Exercise instructions >> Both the line below containing "Gesetzblatt (GBl.) der" and the line containing "Правительство выделило 2,6", along with every line between them, should be repeated exactly; no other line belongs in the answer.

Entries supplied >>
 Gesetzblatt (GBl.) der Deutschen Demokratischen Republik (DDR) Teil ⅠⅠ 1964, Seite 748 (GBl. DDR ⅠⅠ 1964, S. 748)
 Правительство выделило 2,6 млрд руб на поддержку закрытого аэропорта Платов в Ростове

--

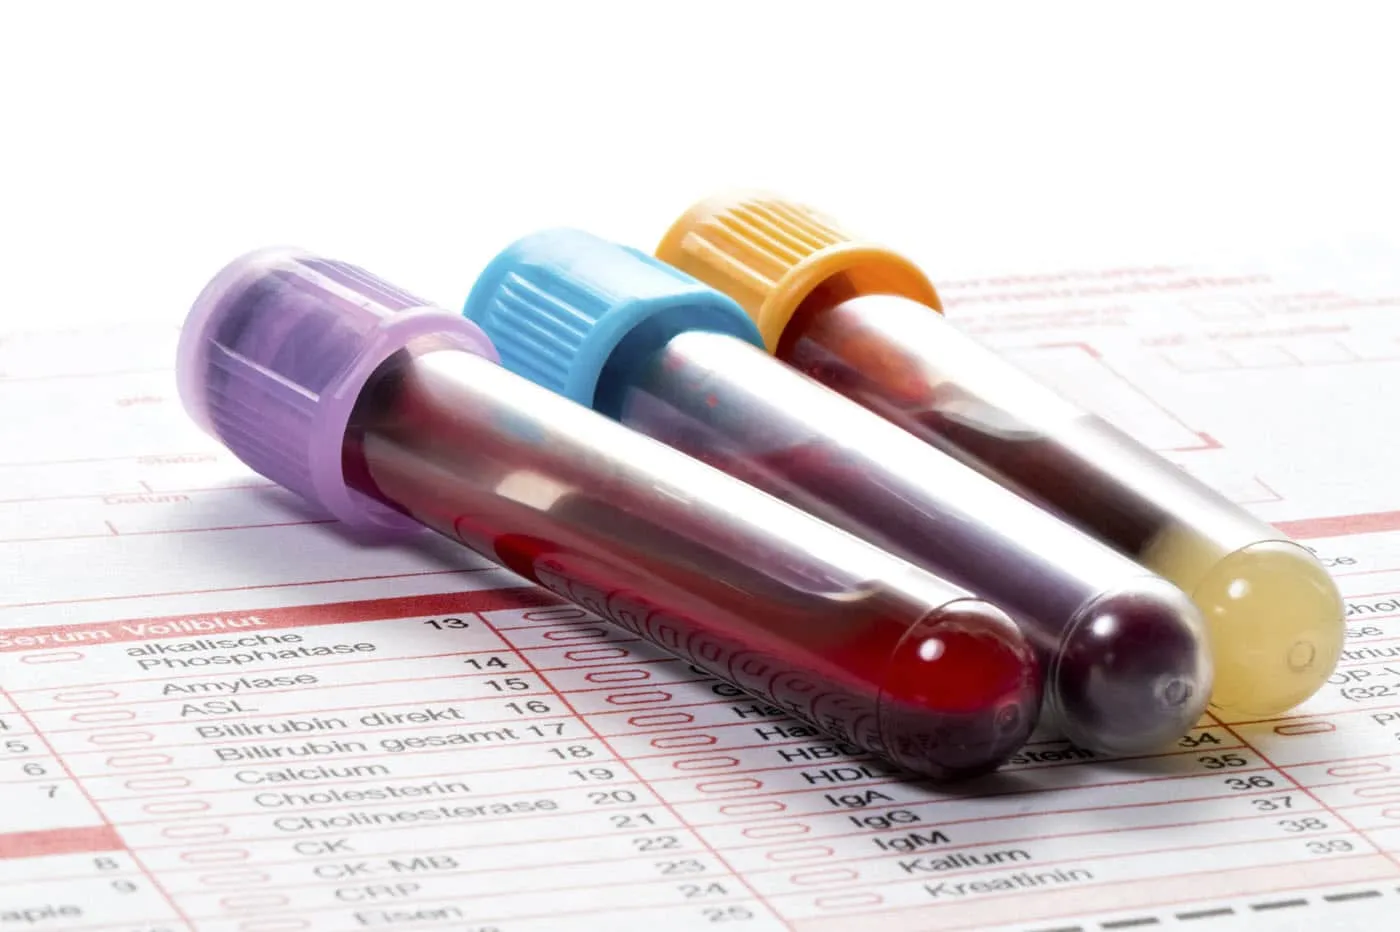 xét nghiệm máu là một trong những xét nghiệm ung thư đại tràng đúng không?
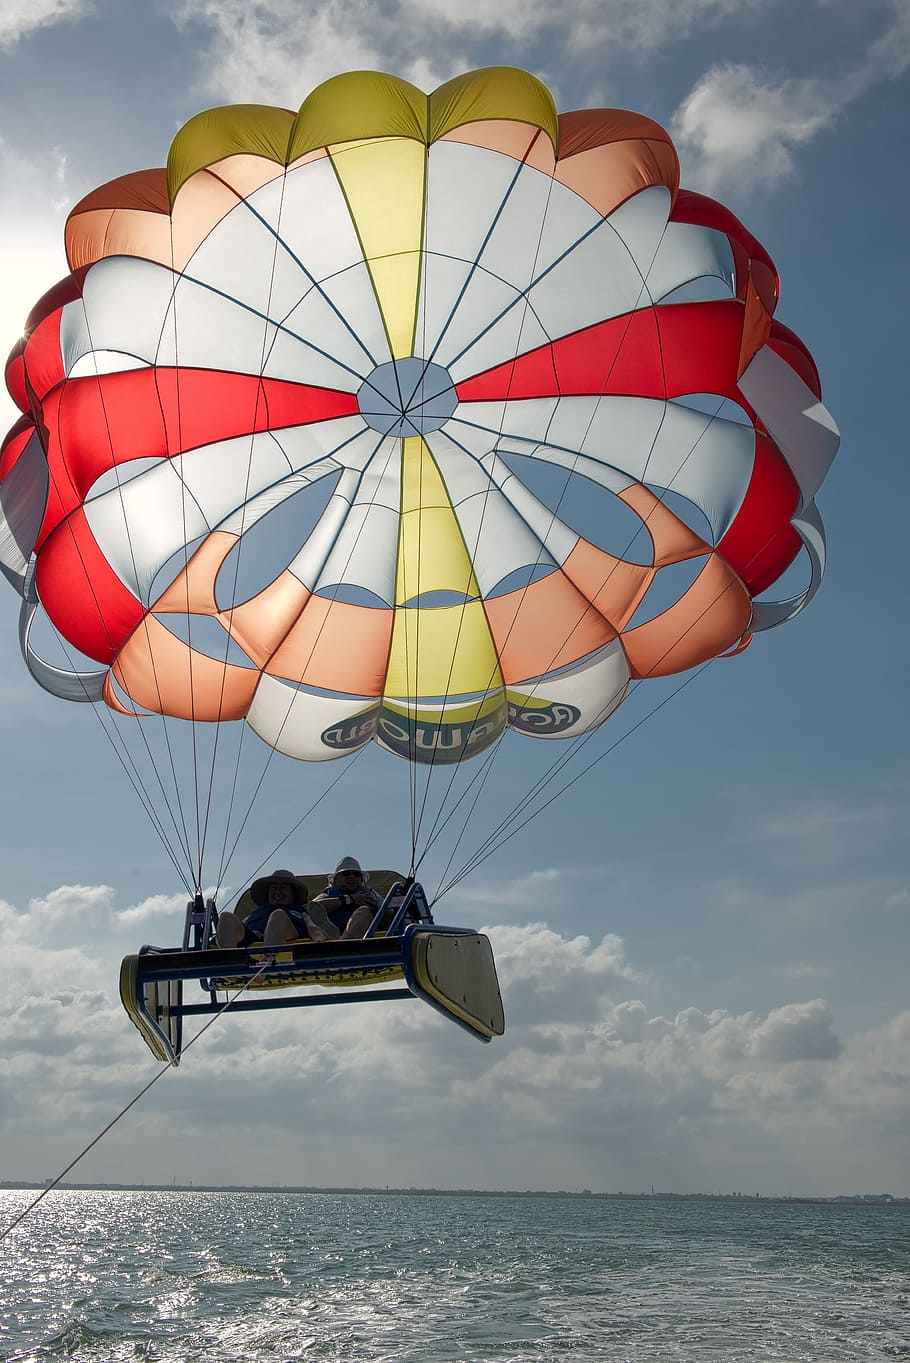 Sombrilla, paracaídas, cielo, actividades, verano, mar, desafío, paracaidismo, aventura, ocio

==

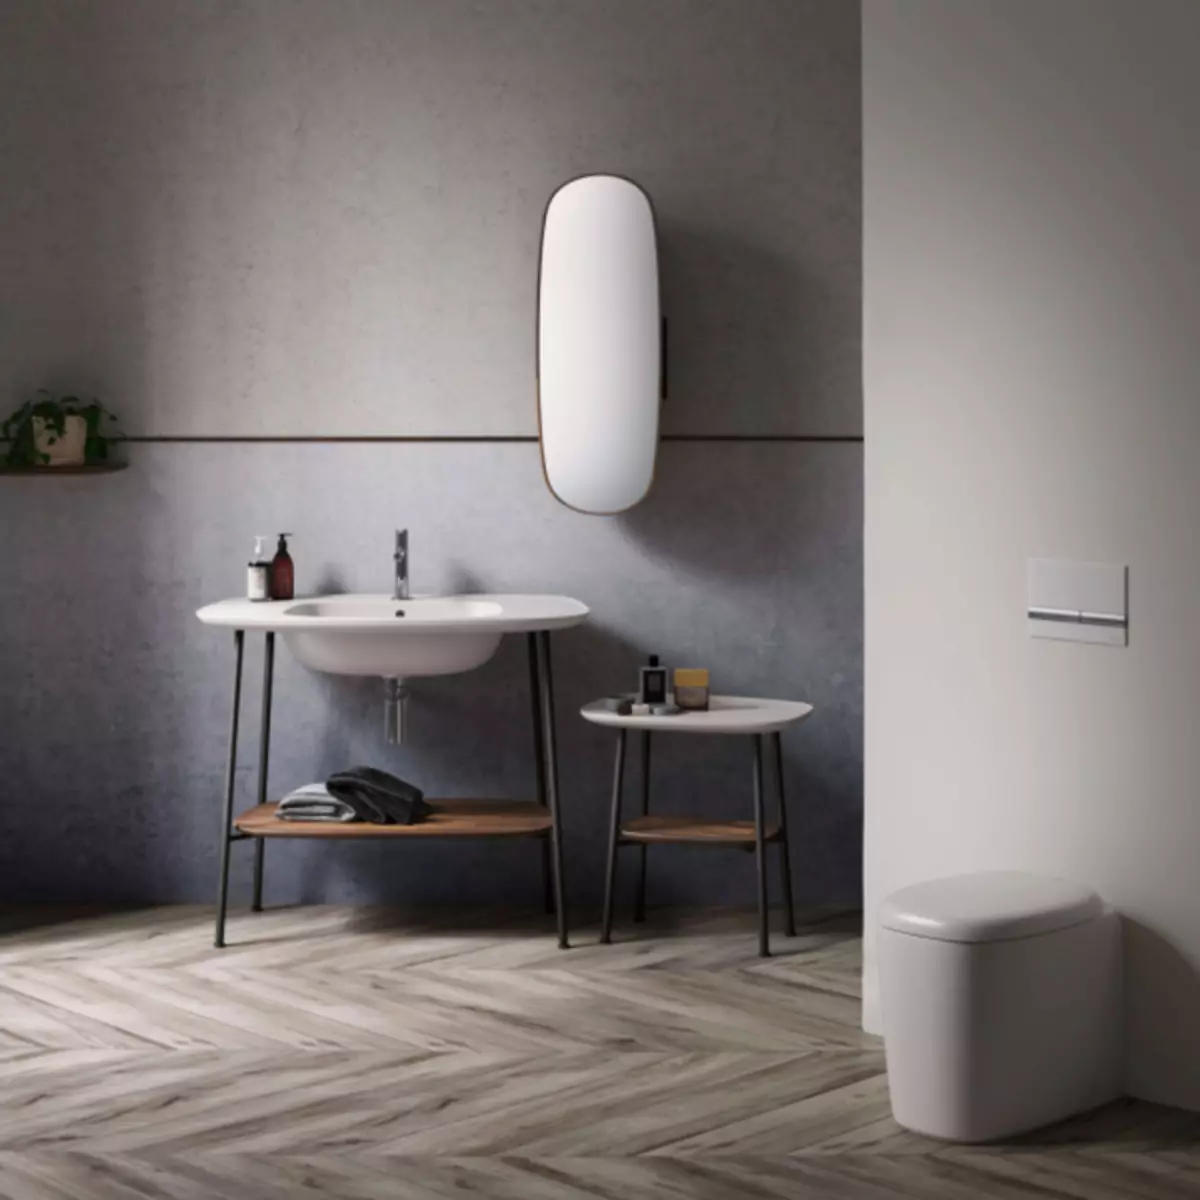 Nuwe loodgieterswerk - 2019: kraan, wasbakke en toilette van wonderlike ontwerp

Output for this task >>
 Gesetzblatt (GBl.) der Deutschen Demokratischen Republik (DDR) Teil ⅠⅠ 1964, Seite 748 (GBl. DDR ⅠⅠ 1964, S. 748)
 Правительство выделило 2,6 млрд руб на поддержку закрытого аэропорта Платов в Ростове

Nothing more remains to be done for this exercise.